Frédéric Varone a d’ailleurs montré qu’à « un niveau micro, l’expérience antérieure avec divers
instruments, la fonction professionnelle, le statut institutionnel de même que l’idéologie et les
valeurs personnelles des décideurs influencent leurs perceptions de la contribution potentielle de
tel ou tel instrument à la résolution du problème »

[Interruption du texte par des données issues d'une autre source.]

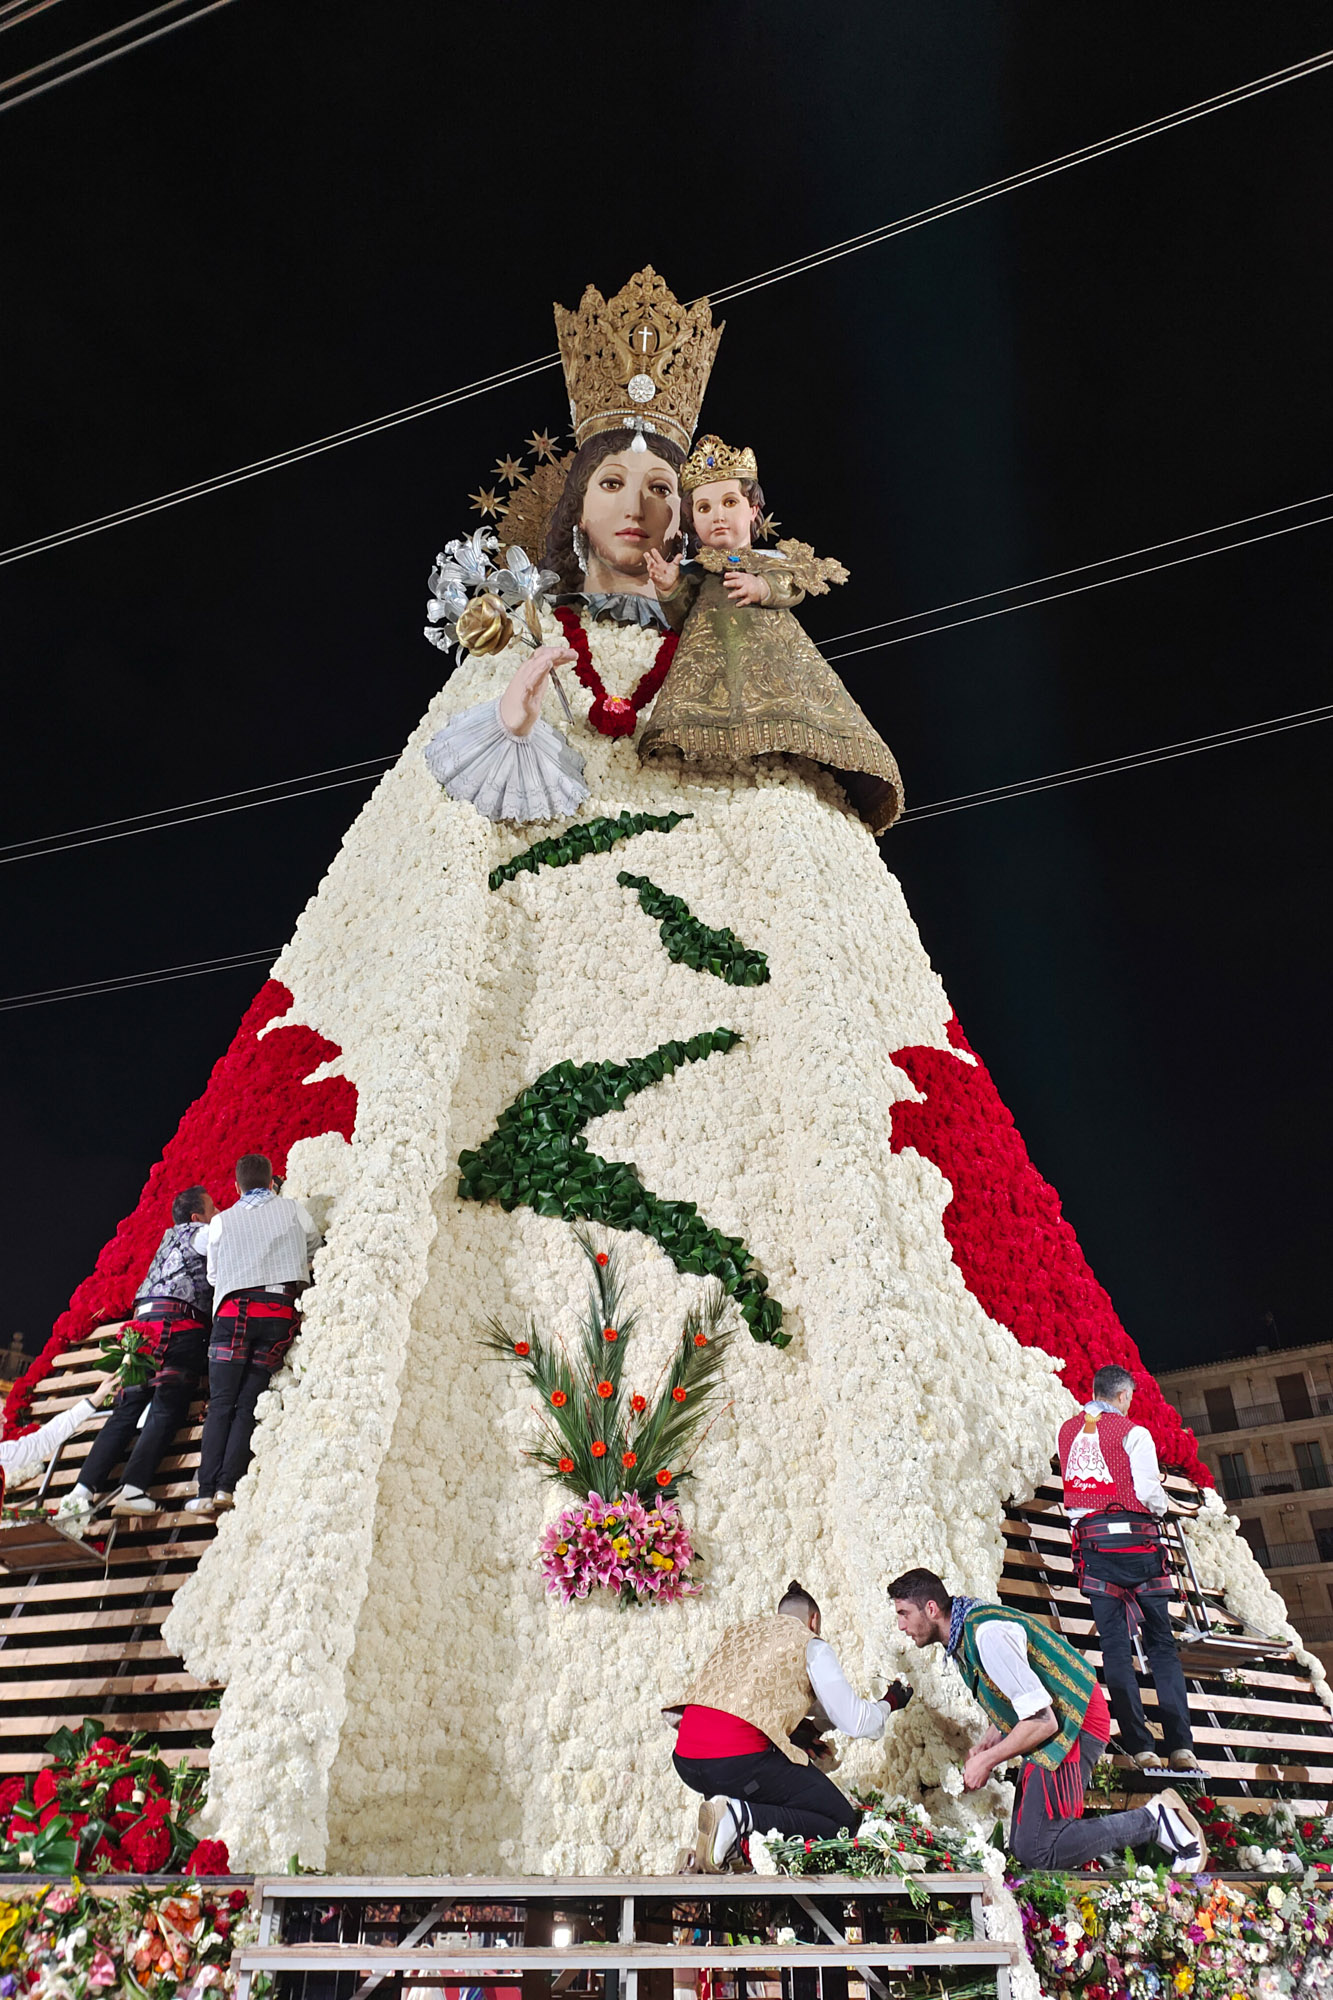 The dress from the front Virgin La Ofrenda Fallas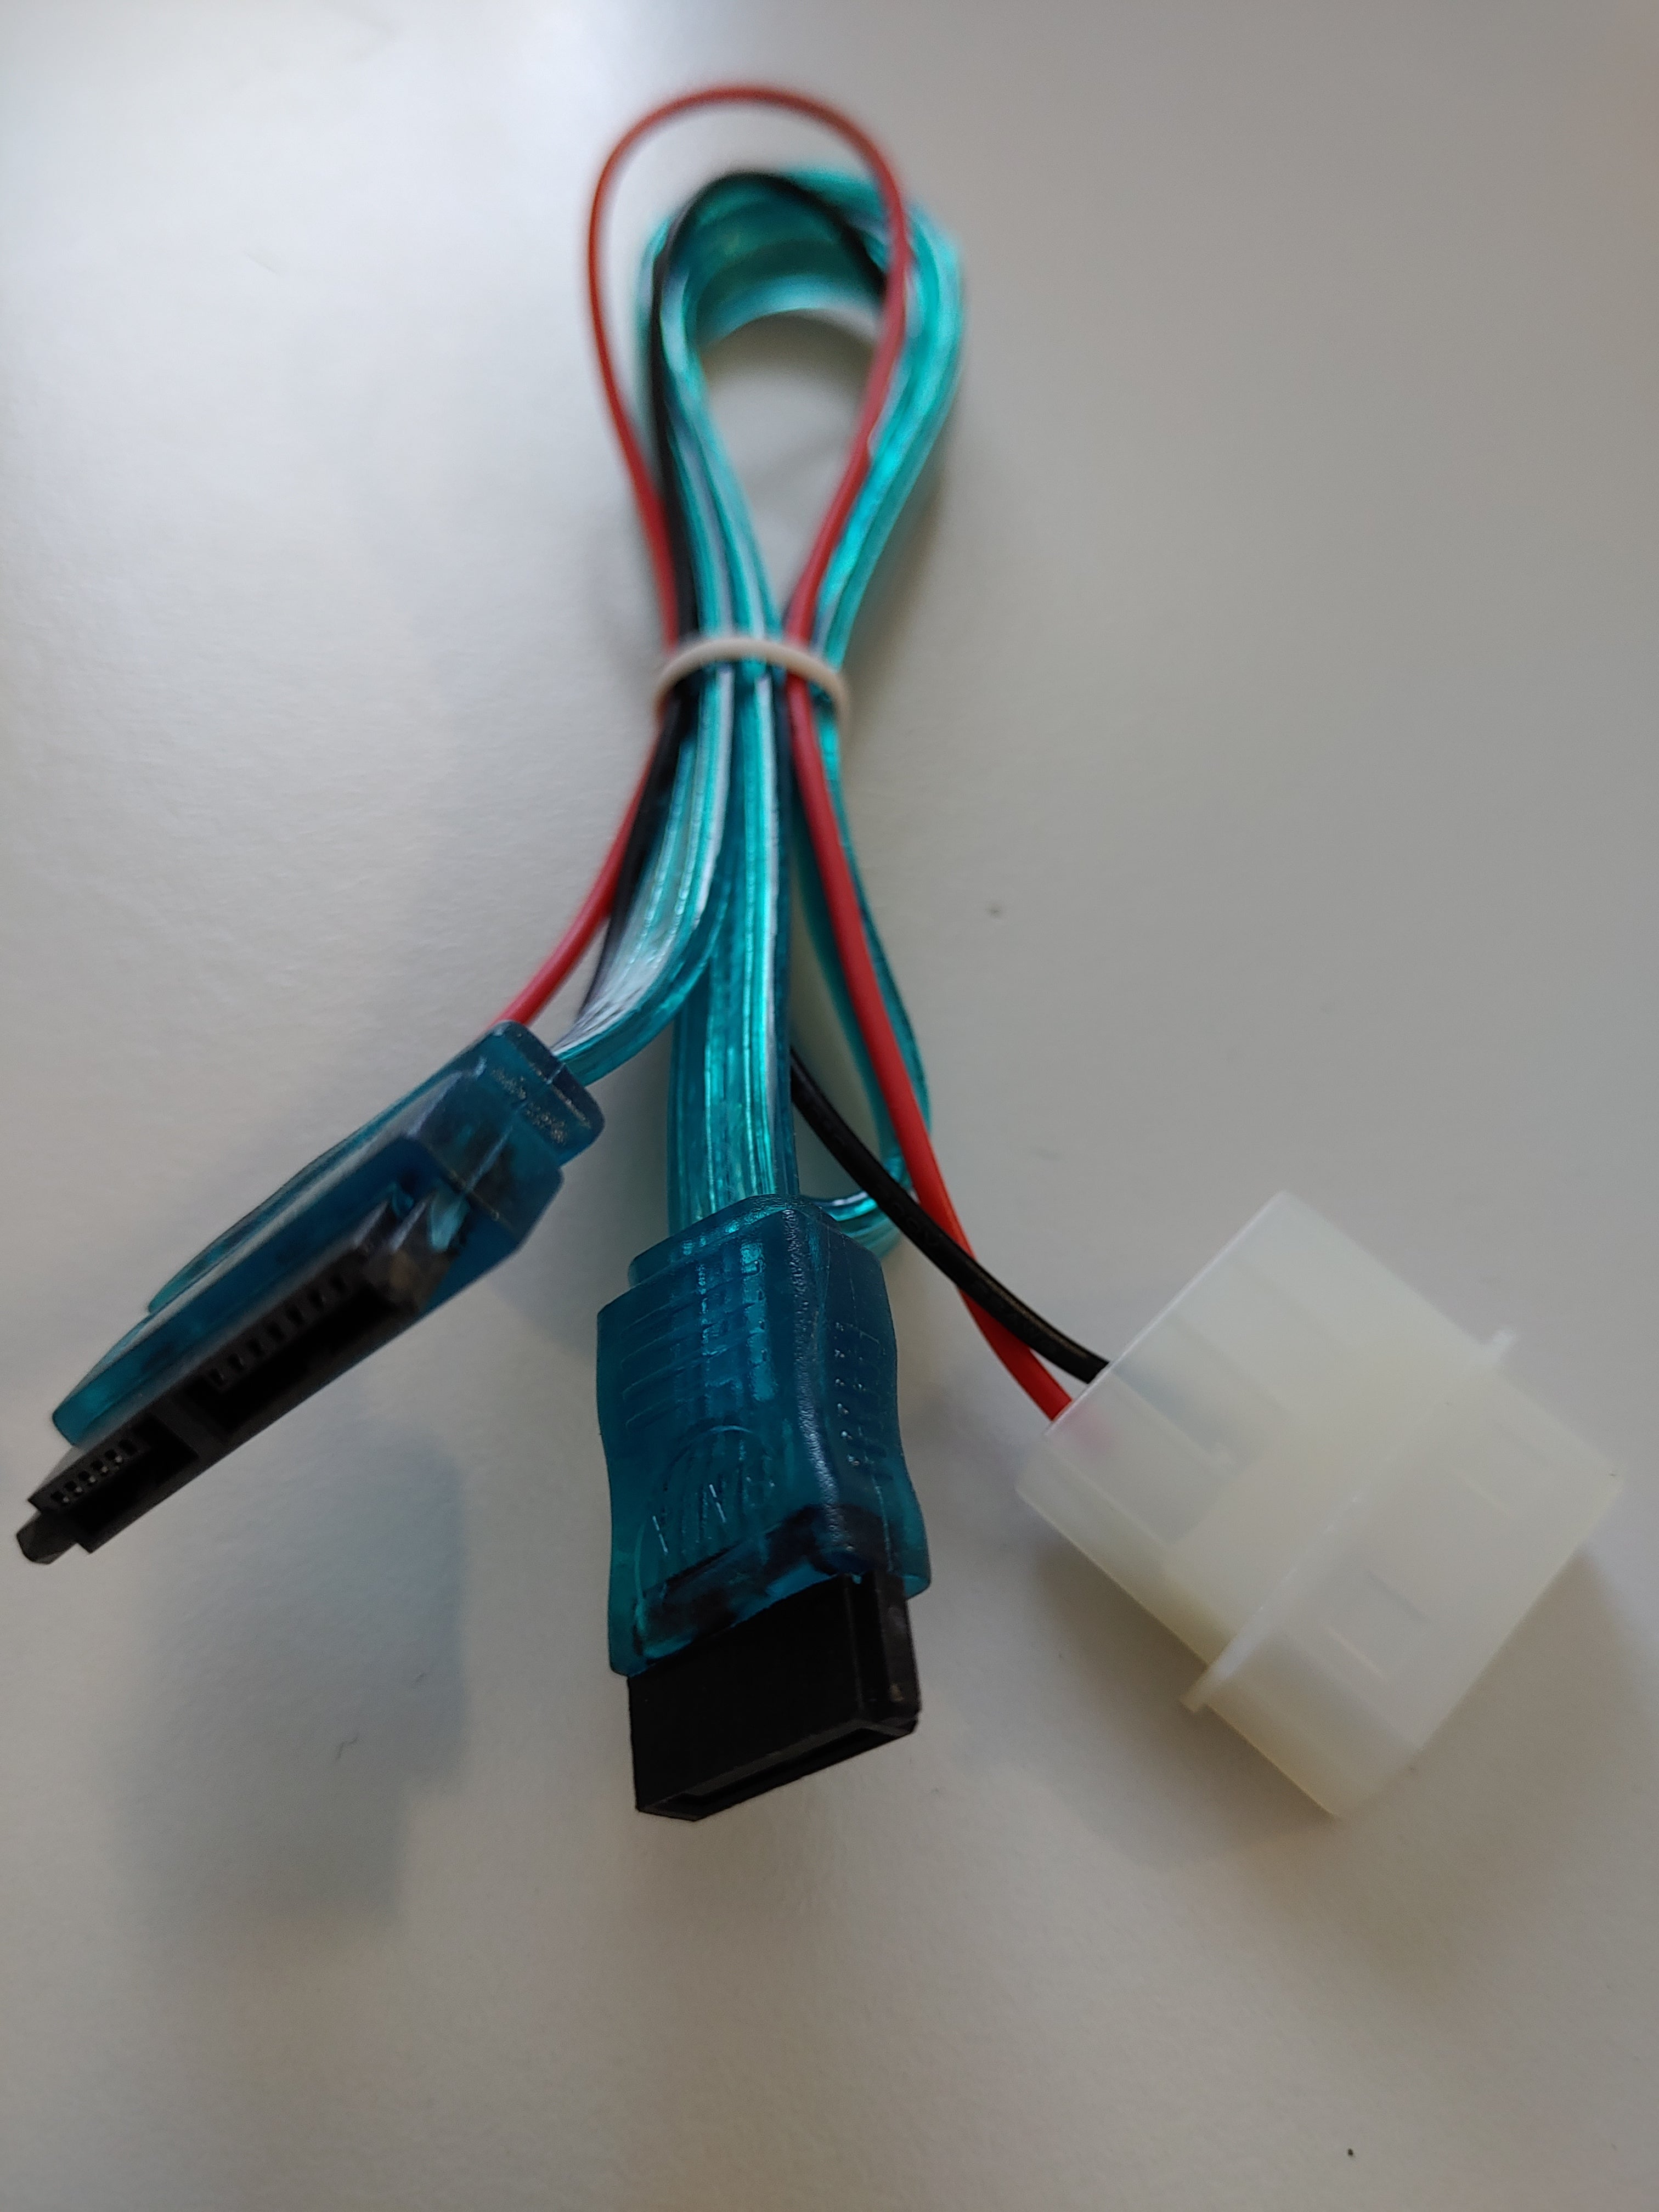 SATA Adapterkabel für Slimline CD / DVD Laufwerke ( Farbe Blau ) | #Elektroniktrade.ch#

1. On ne saurait expliquer la mise en place d’un
instrument particulier par le hasard : il est la résultante d’une forme de mise en cohérence de
l’action publique. La politique publique impulsée par des acteurs publics est un ensemble
cohérent de mesures censé atteindre des objectifs prédéfinis. On suppose donc que les acteurs
font des choix rationnels qui servent leurs intérêts propres même si « l’homme agissant dans une
organisation administrative a une capacité de connaissance et de choix limitée »
2puisqu’il doit
composer avec les contraintes qui s’imposent à lui ou choisir entre différents instruments
préfabriqués. Mais en même temps, d’autres auteurs posent l’hypothèse que l’instrument
« impose de lui-même de nouvelles solutions et limite les options offertes aux dirigeants. Les
instruments sont ici des objets consistants qui finissent par dicter aux décideurs politiques la
conduite à tenir »
3. Des études de cas tendent à montrer que l’existence d’instruments pensés a
priori pour régler un problème donné va orienter le comportant des décideurs. On peut donc
analyser le choix d’un instrument sous deux angles différents : d’une part, l’instrument choisi pour
construire la politique publique est la résultante d’un processus réflexif de la part des
décideurs ; et d’autre part, c’est l’existence de l’instrument en tant que produit prêt à l’emploi qui
dicte la bonne politique à mener. Les études de terrain tendent néanmoins à montrer que les
deux approches se mélangent.
On peut donc poser l’hypothèse que le choix d’un instrument territorialisé de protection
du patrimoine répond à des stratégies développées par les acteurs publics. Soit l’instrument a un
certain nombre de propriétés connues de ces acteurs qui vont le mobiliser en vue d’obtenir des
effets prévus qui répondent à leurs besoins, soit ses propriétés en font un compromis acceptable
par l’ensemble des acteurs, tous niveaux confondus, dans la négociation de la politique publique
patrimoniale. Dans cette recherche, on émet donc le postulat que le choix des instruments n’est
pas neutre et qu’il constitue une façon de comprendre les stratégies des acteurs engagés dans la
construction d’une politique publique patrimoniale. De même, la mobilisation des instruments
d’action publique, en tant que référentiels communs, par certains acteurs à l’occasion de
controverses patrimoniales suppose qu’ils sont des dispositifs appropriés et intégrés par
l’ensemble des acteurs qui s’intéressent à la politique publique patrimoniale.
1
VARONE Frédéric, op. cit., p. 60.
2
MÉNY Yves & THOENIG Jean-Claude, op. cit., p. 77.